EXERCISE — Take the line with "Консервы для собак" as the first and the last line of the data as the end. Write out both and every line between exactly, except pictures.
***** SOURCE MATERIAL
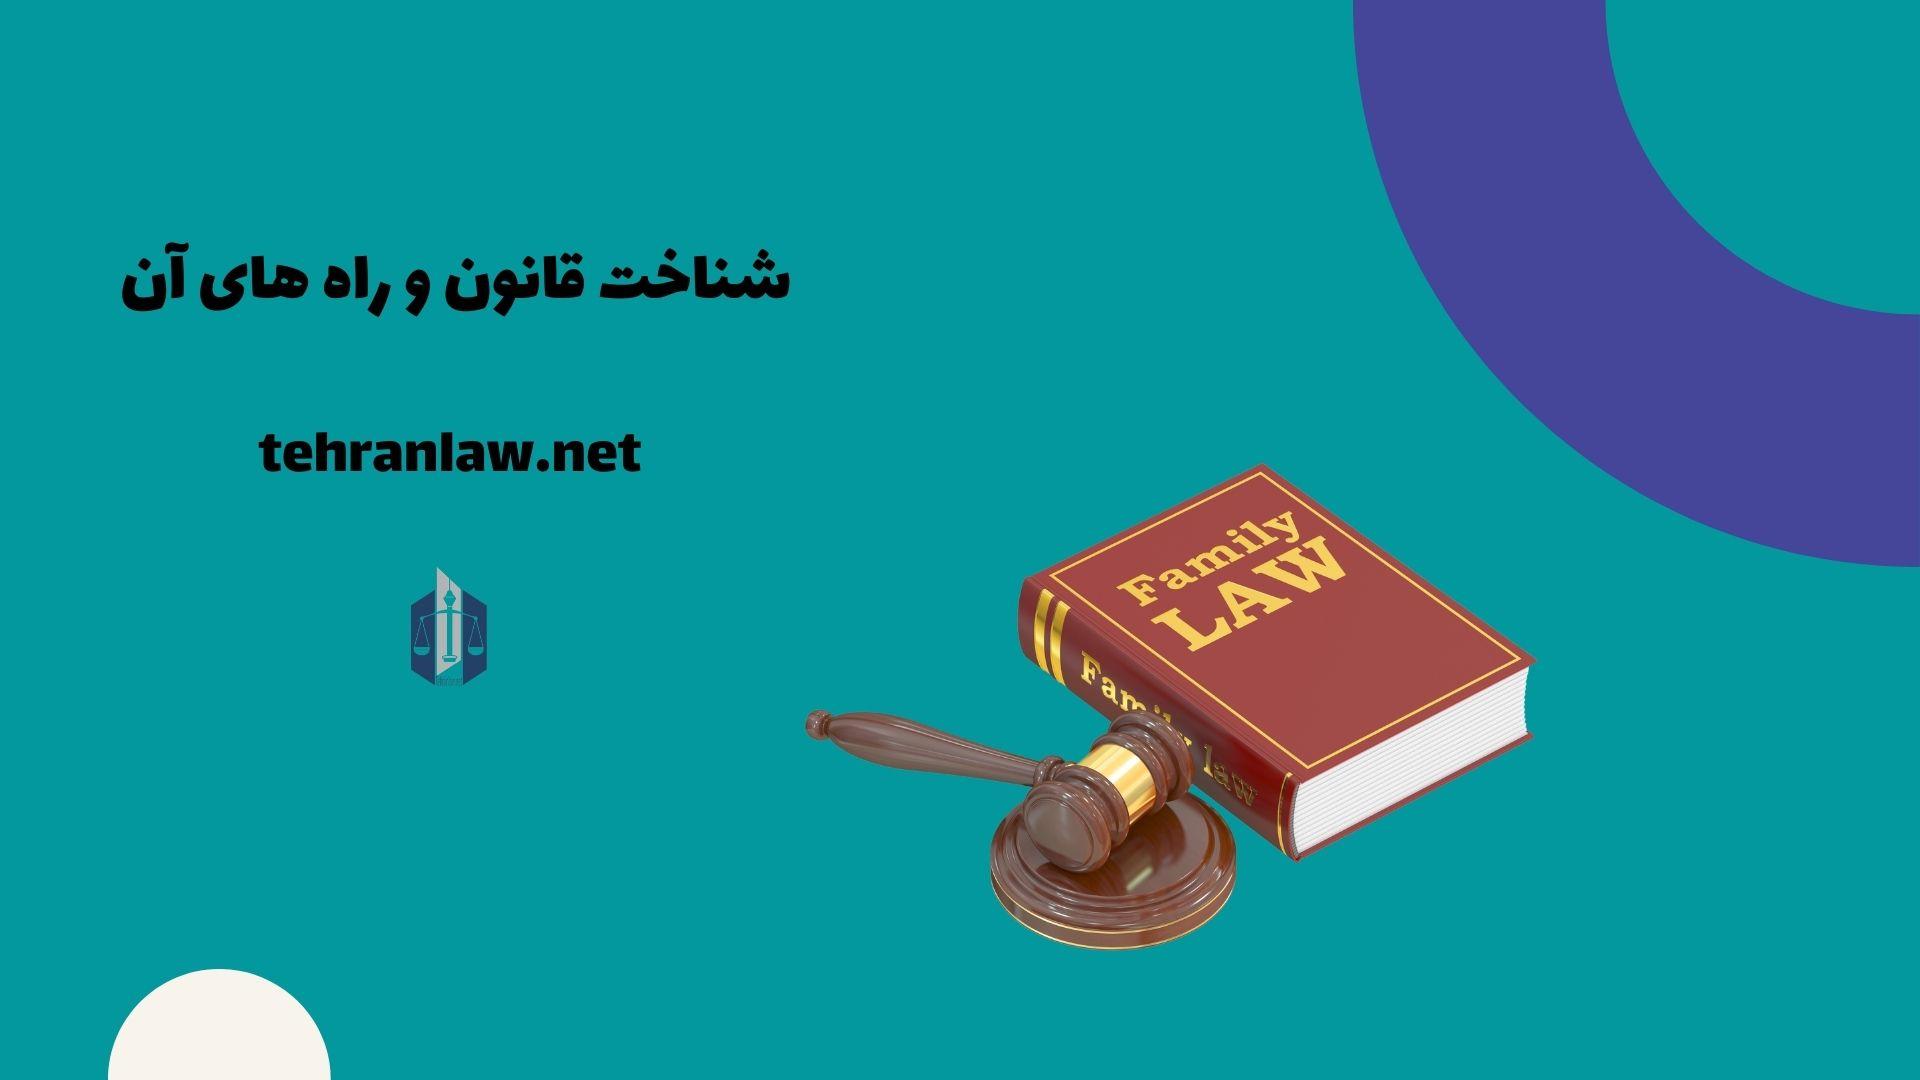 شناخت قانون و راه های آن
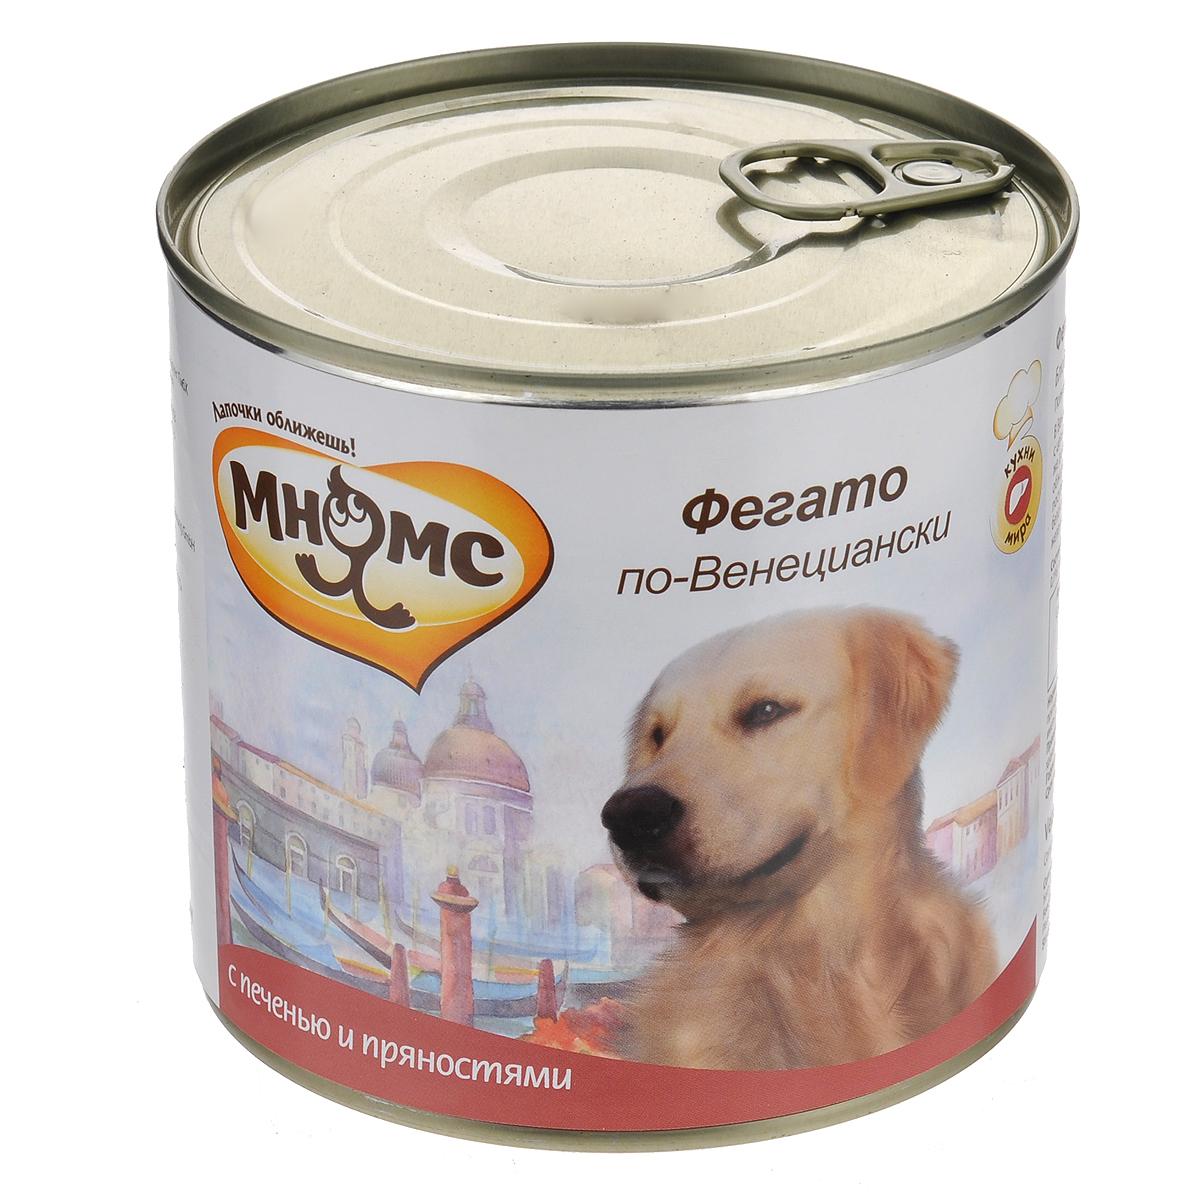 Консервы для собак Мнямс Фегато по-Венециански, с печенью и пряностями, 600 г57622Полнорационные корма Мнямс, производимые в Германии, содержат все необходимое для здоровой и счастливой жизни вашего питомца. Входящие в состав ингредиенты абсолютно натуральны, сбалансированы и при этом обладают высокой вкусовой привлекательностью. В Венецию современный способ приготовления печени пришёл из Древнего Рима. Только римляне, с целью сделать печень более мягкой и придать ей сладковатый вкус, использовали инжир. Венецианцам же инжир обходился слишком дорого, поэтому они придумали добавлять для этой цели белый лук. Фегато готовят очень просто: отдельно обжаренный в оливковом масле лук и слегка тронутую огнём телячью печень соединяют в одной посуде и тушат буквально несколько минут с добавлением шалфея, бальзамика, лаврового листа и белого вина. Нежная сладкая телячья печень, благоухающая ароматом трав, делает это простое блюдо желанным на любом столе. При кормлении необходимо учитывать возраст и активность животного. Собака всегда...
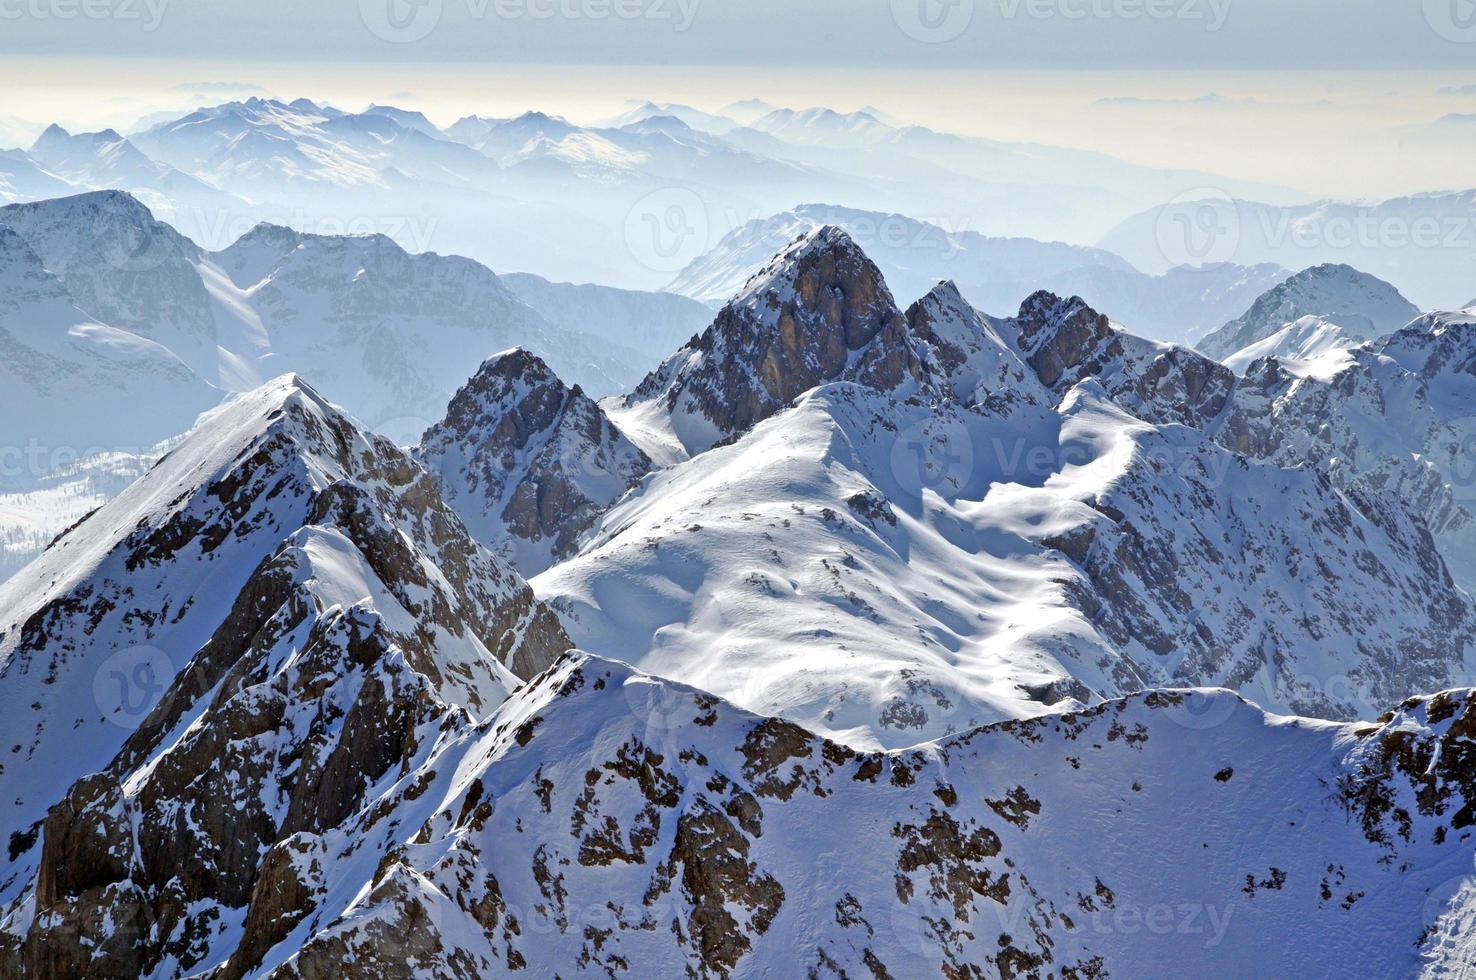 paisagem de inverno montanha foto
**********
SOLUTION FOR THIS TASK —
 Консервы для собак Мнямс Фегато по-Венециански, с печенью и пряностями, 600 г57622Полнорационные корма Мнямс, производимые в Германии, содержат все необходимое для здоровой и счастливой жизни вашего питомца. Входящие в состав ингредиенты абсолютно натуральны, сбалансированы и при этом обладают высокой вкусовой привлекательностью. В Венецию современный способ приготовления печени пришёл из Древнего Рима. Только римляне, с целью сделать печень более мягкой и придать ей сладковатый вкус, использовали инжир. Венецианцам же инжир обходился слишком дорого, поэтому они придумали добавлять для этой цели белый лук. Фегато готовят очень просто: отдельно обжаренный в оливковом масле лук и слегка тронутую огнём телячью печень соединяют в одной посуде и тушат буквально несколько минут с добавлением шалфея, бальзамика, лаврового листа и белого вина. Нежная сладкая телячья печень, благоухающая ароматом трав, делает это простое блюдо желанным на любом столе. При кормлении необходимо учитывать возраст и активность животного. Собака всегда...
 paisagem de inverno montanha foto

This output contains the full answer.